Court Opinion

ID: 7074612
Source: CourtListenerOpinion
Date Created: 2022-07-24 08:06:37.795458+00
Date Added: 2024-06-11T16:12:43.053042
License: Public Domain

ORDER
Plaintiff Don Campbell sued several prison officials under 42 U.S.C. § 1983, seeking compensatory and punitive damages as well as attorney’s fees for alleged deprivations of his Eighth and Fourteenth Amendment rights. On October 7, 1998, the jury returned a verdict in favor of Campbell on his Eighth Amendment claims against defendants John Groves, Charles Williams, and Howard Peters. After the district court denied their motion for judgment as a matter of law, these defendants appealed to this court (No. 99-3775).

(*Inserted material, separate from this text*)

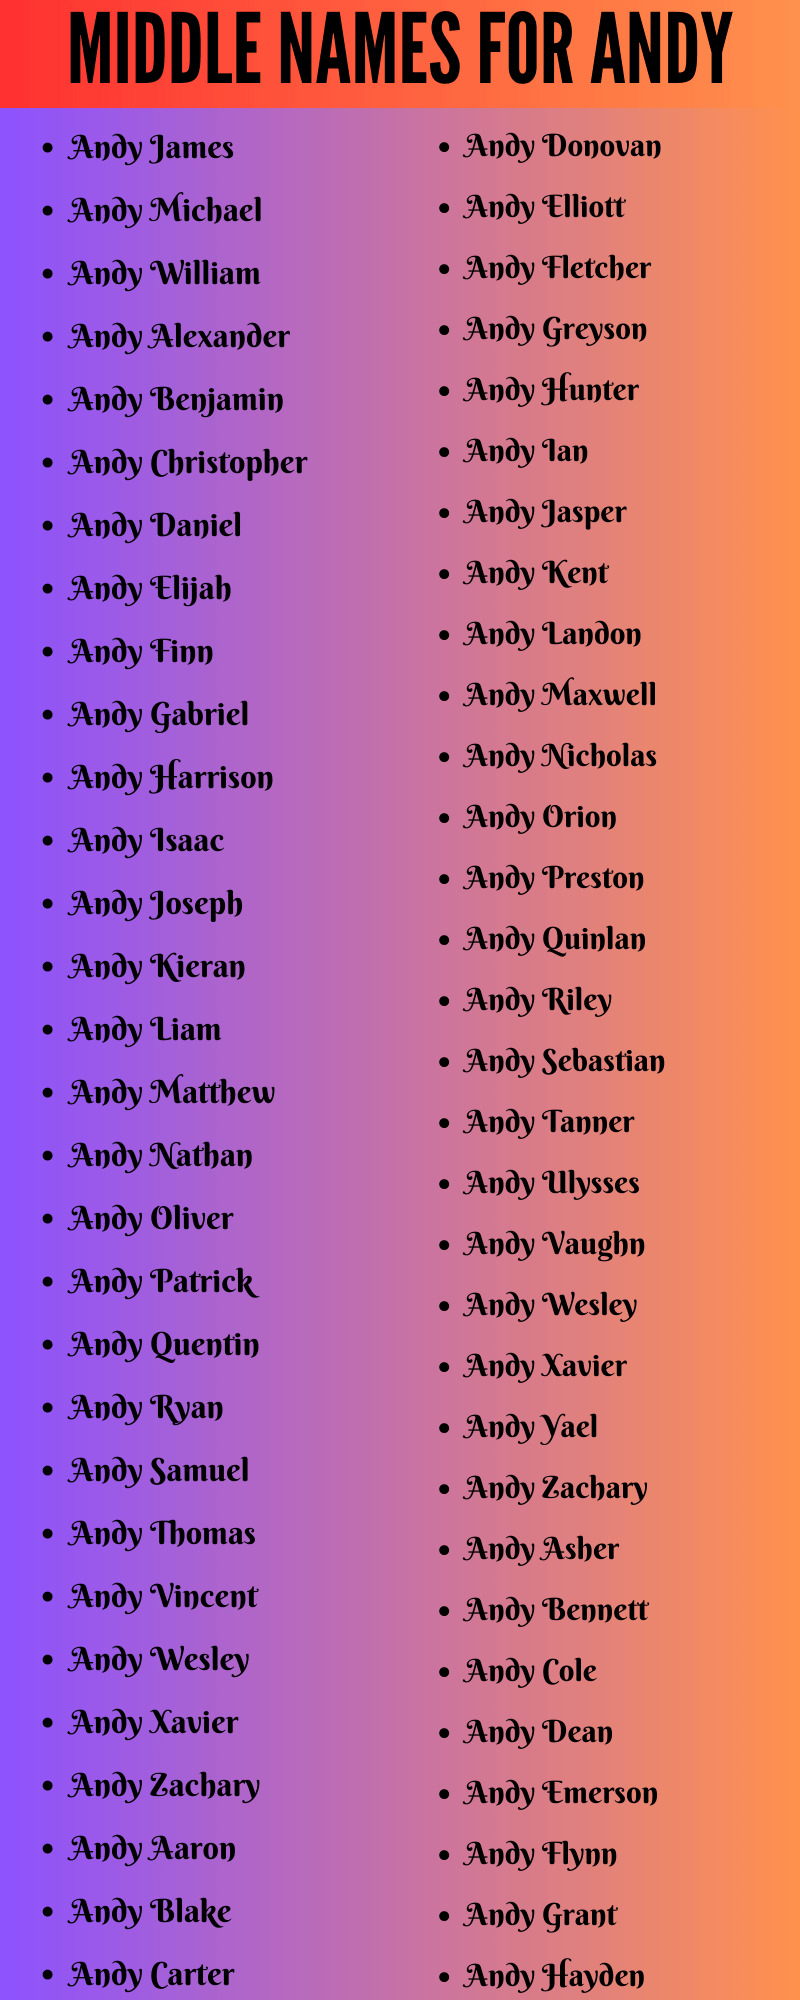 400 Best Middle Names For Andy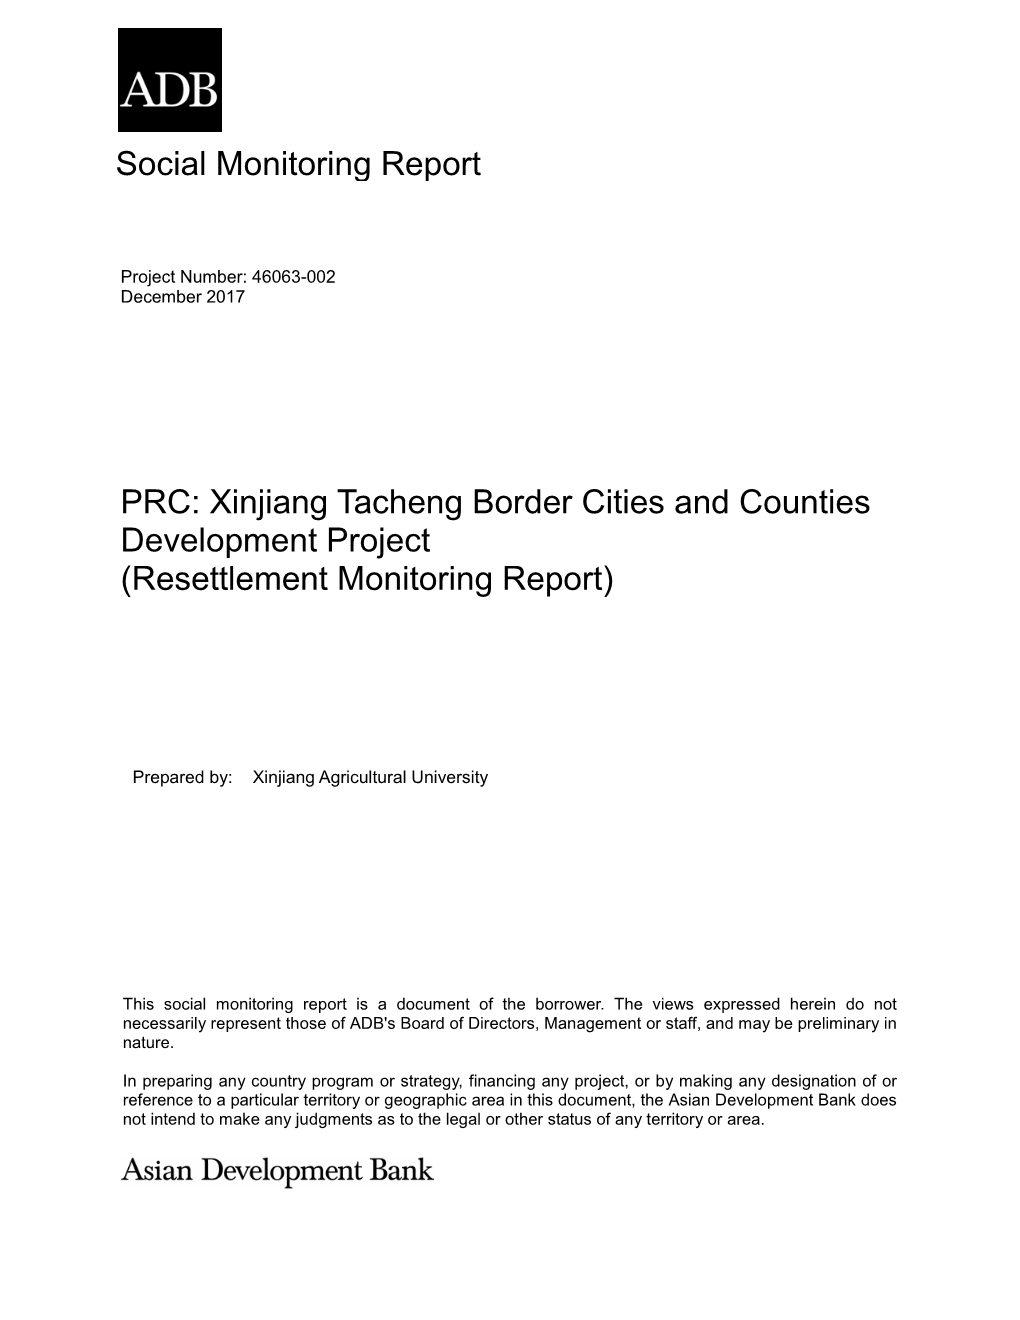 Xinjiang Tacheng Border Cities and Counties Development Project (Resettlement Monitoring Report)

While their appeal was pending, Campbell moved for attorney’s fees pursuant to 42 U.S.C. § 1988, and on January 23, 2001, the district court awarded him $45,550.48 in attorney’s fees. On February 22, 2001, the defendants filed the appeal in No. 01-1426 from the fee award. Later, on March 15, 2001, the district court awarded Campbell $8,829.21 in fees for time spent litigating the fee petition. On April 9, 2001, the defendants filed their appeal in No. 01-1851 from that order.
In an opinion issued today, we have reversed the jury verdict in favor of Campbell and remanded the case to the district court to enter judgment as a matter of law in favor of Groves, Peters, and Williams, on the ground that they were entitled to qualified immunity. In light of this outcome, the district court’s awards of attorney’s fees must also be reversed. See Pardo v. Hosier, 946 F.2d 1278, 1285 (7th Cir.1991) (“When a judgment on which an award of attorney’s fees to the prevailing party is based is reversed, the award, of course, falls with it.”), quoting Palmer v. City of Chicago, 806 F.2d 1316, 1320 (7th Cir.1986). Both fee awards are hereby Vacated and the case is Remanded for entry of judgment consistent with this order.